Initializes tensor with uniform distribution scaled by reciprocal square root.

Parameters:

  • x (Tensor) - Tensor to initialize.

  • d (int) - Dimension for scaling.

Returns:

  • Tensor - Initialized tensor.

def init_random_signs_(x: Tensor) -> Tensor

Initializes tensor with random signs (-1 or 1).

Parameters:

  • x (Tensor) - Tensor to initialize.

Returns:

  • Tensor - Tensor with random signs.

class Identity(nn.Module)

Identity module that returns input unchanged.

Input:

  • x (Tensor) - Input tensor.

Output:

  • Tensor - Same as input.

class Mean(nn.Module)

Computes mean along specified dimension.

Parameters:

  • dim (int) - Dimension to compute mean along.

Input:

  • x (Tensor) - Input tensor.

Output:

  • Tensor - Mean along specified dimension.

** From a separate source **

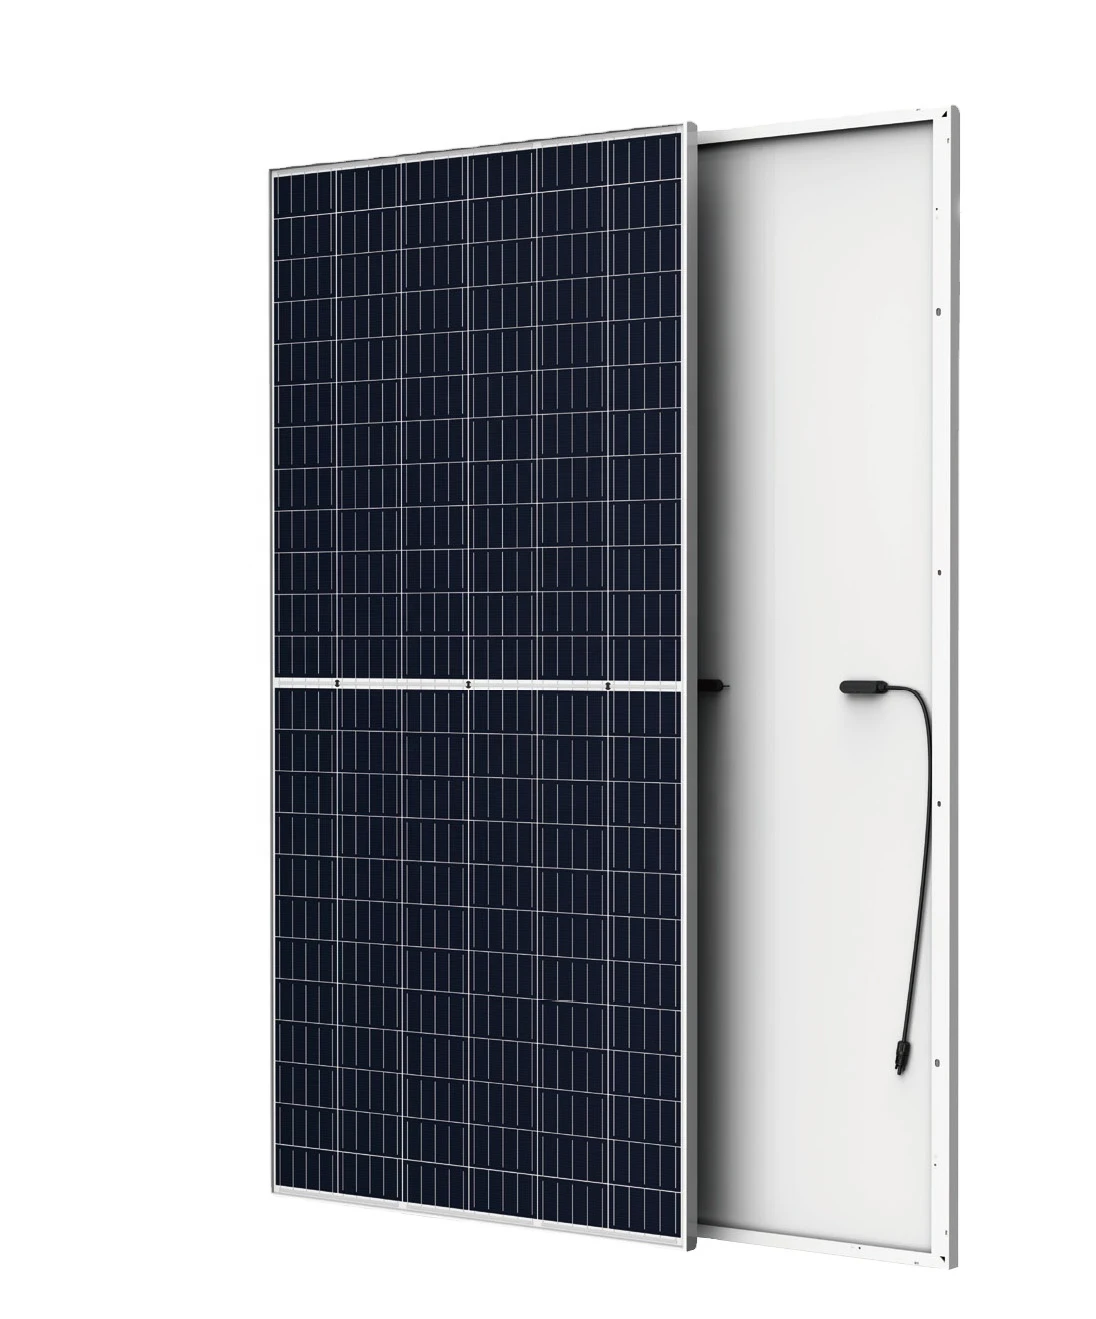 Hot selling solar panels 400w mono solar panel shenzhen 405w 410w 445w Power System Cells
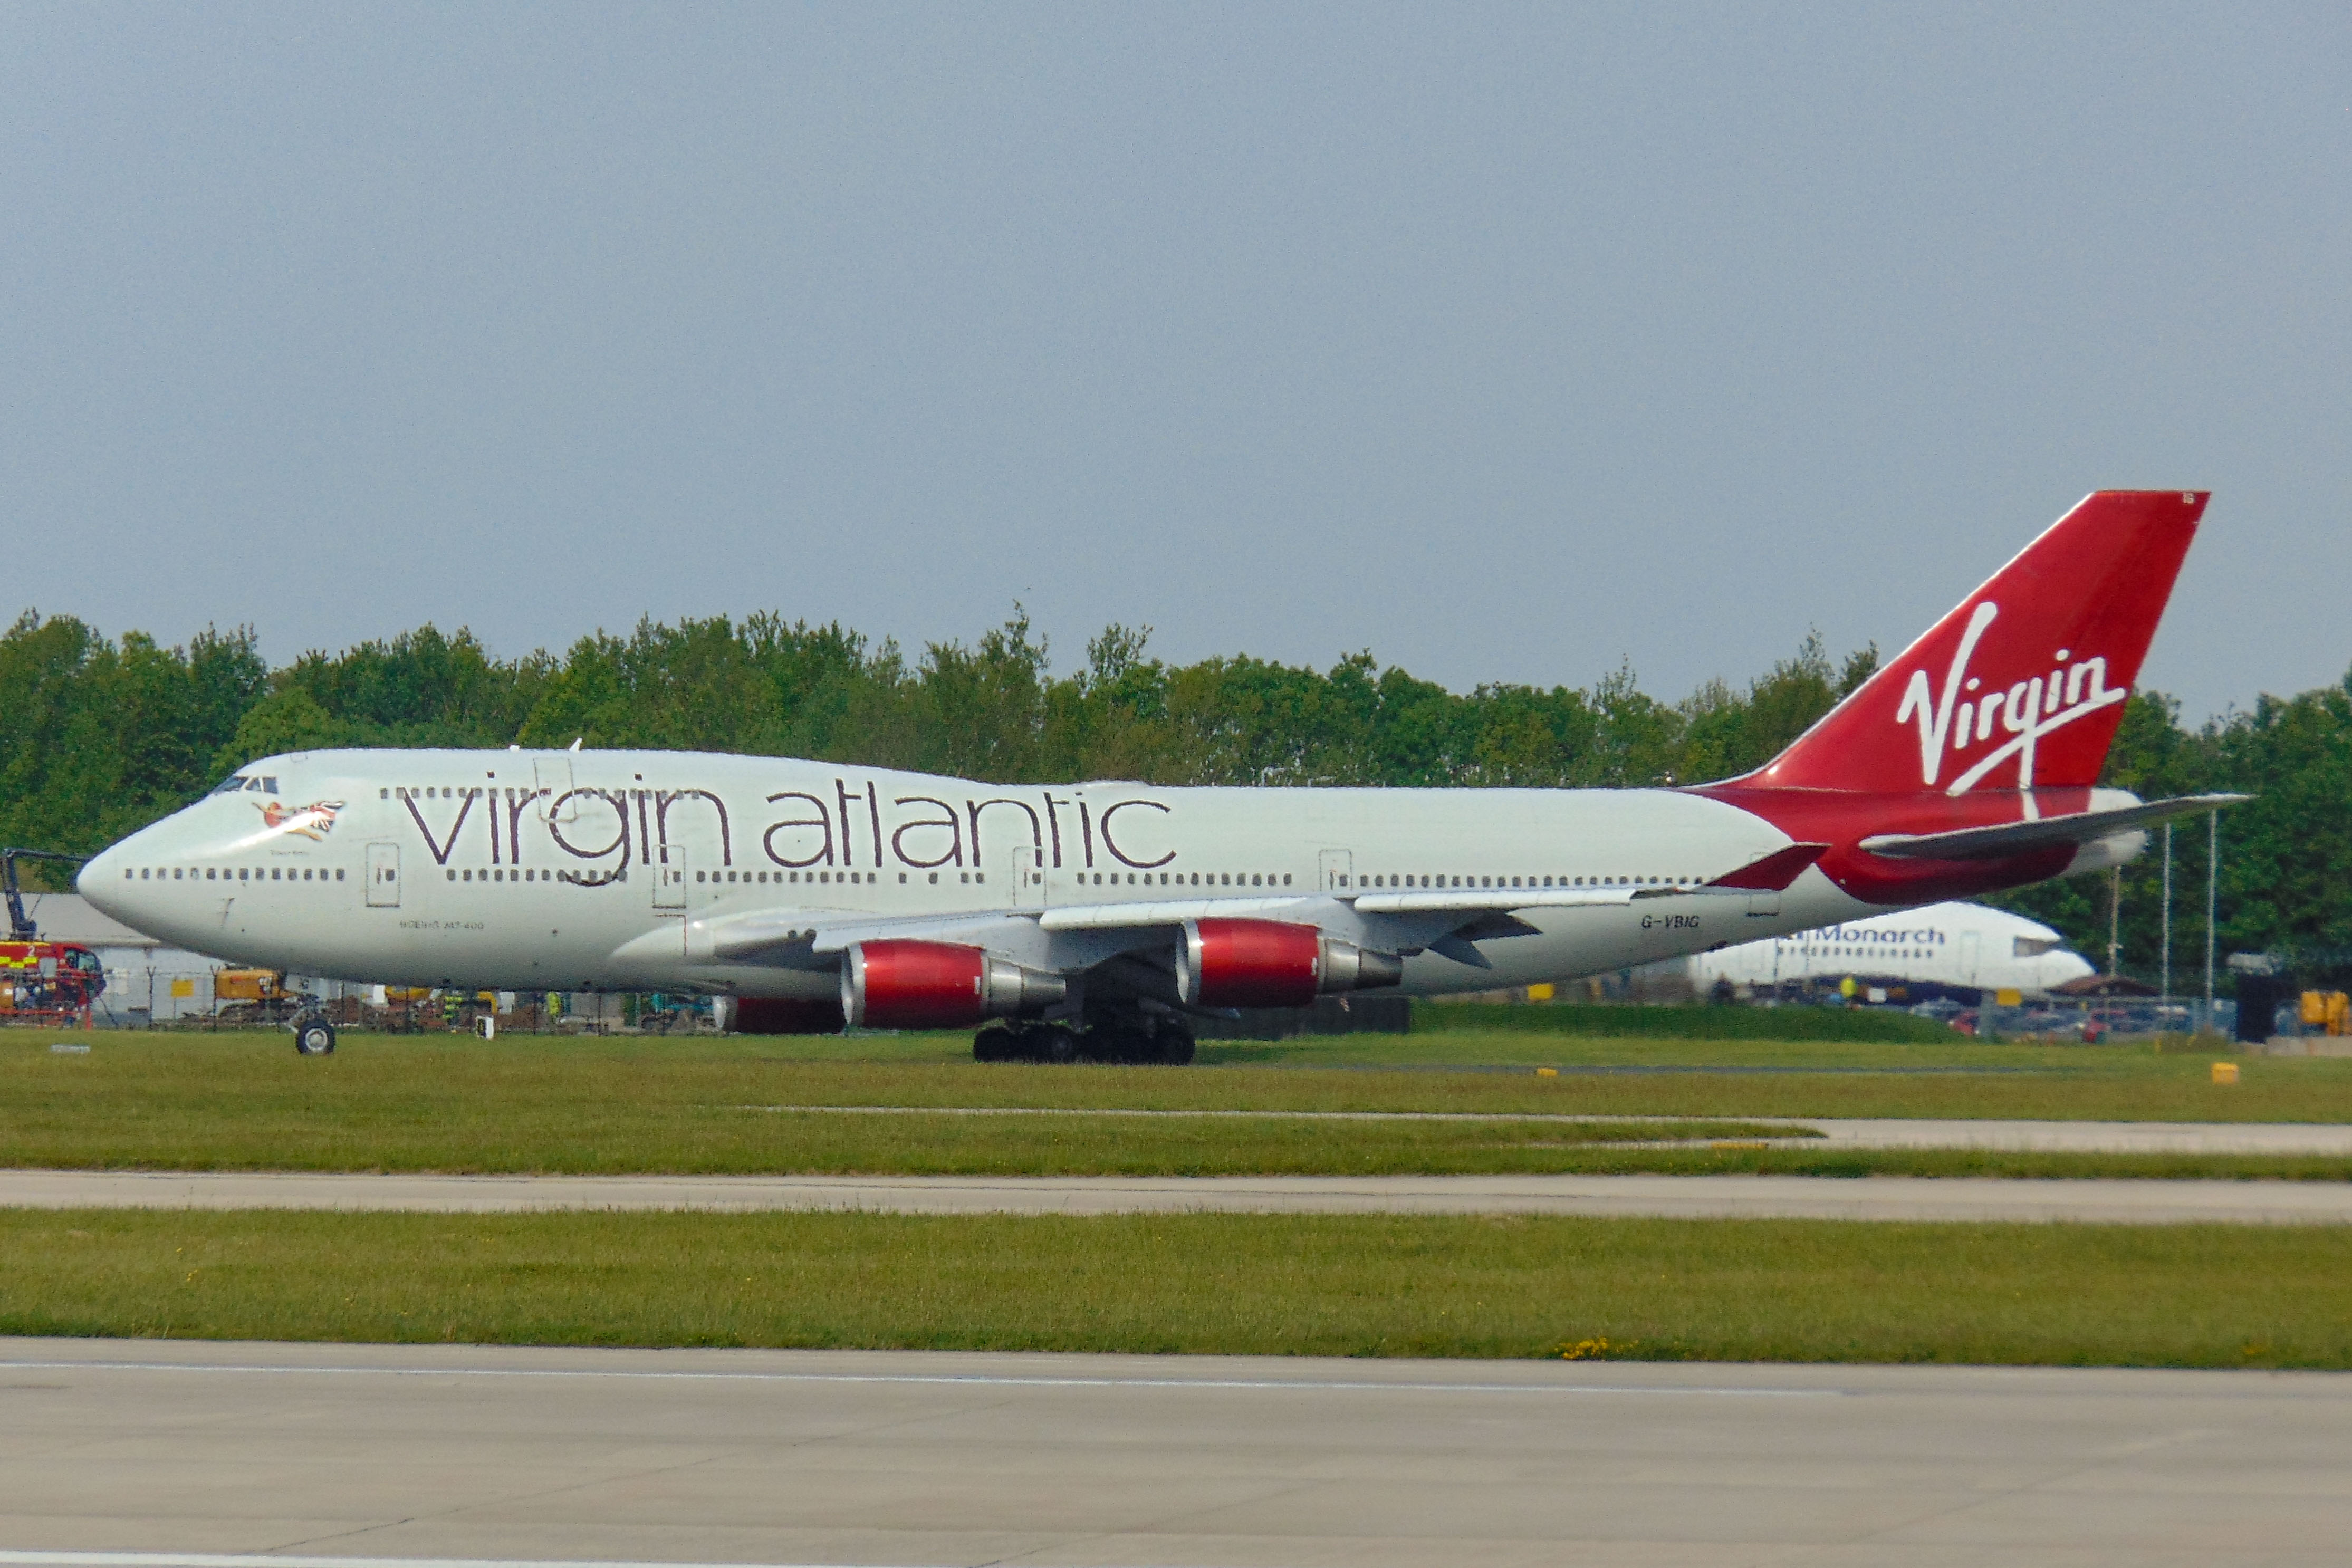 G-VBIG/GVBIG Lessor Boeing 747 Airframe Information - AVSpotters.com

class ScaleEnsemble(nn.Module)

Scales ensemble members with learnable weights.

Parameters:

  • k (int) - Number of ensemble members.

  • d (int) - Feature dimension.

  • init (str) - Weight initialization (‘ones’, ‘normal’, ‘random-signs’).

Input:

  • x (Tensor) - Input tensor of shape (B, K, D).

Output:

  • Tensor - Scaled tensor.

class ElementwiseAffineEnsemble(nn.Module)

Element-wise affine transformation for ensemble members.

Parameters:

  • k (int) - Number of ensemble members.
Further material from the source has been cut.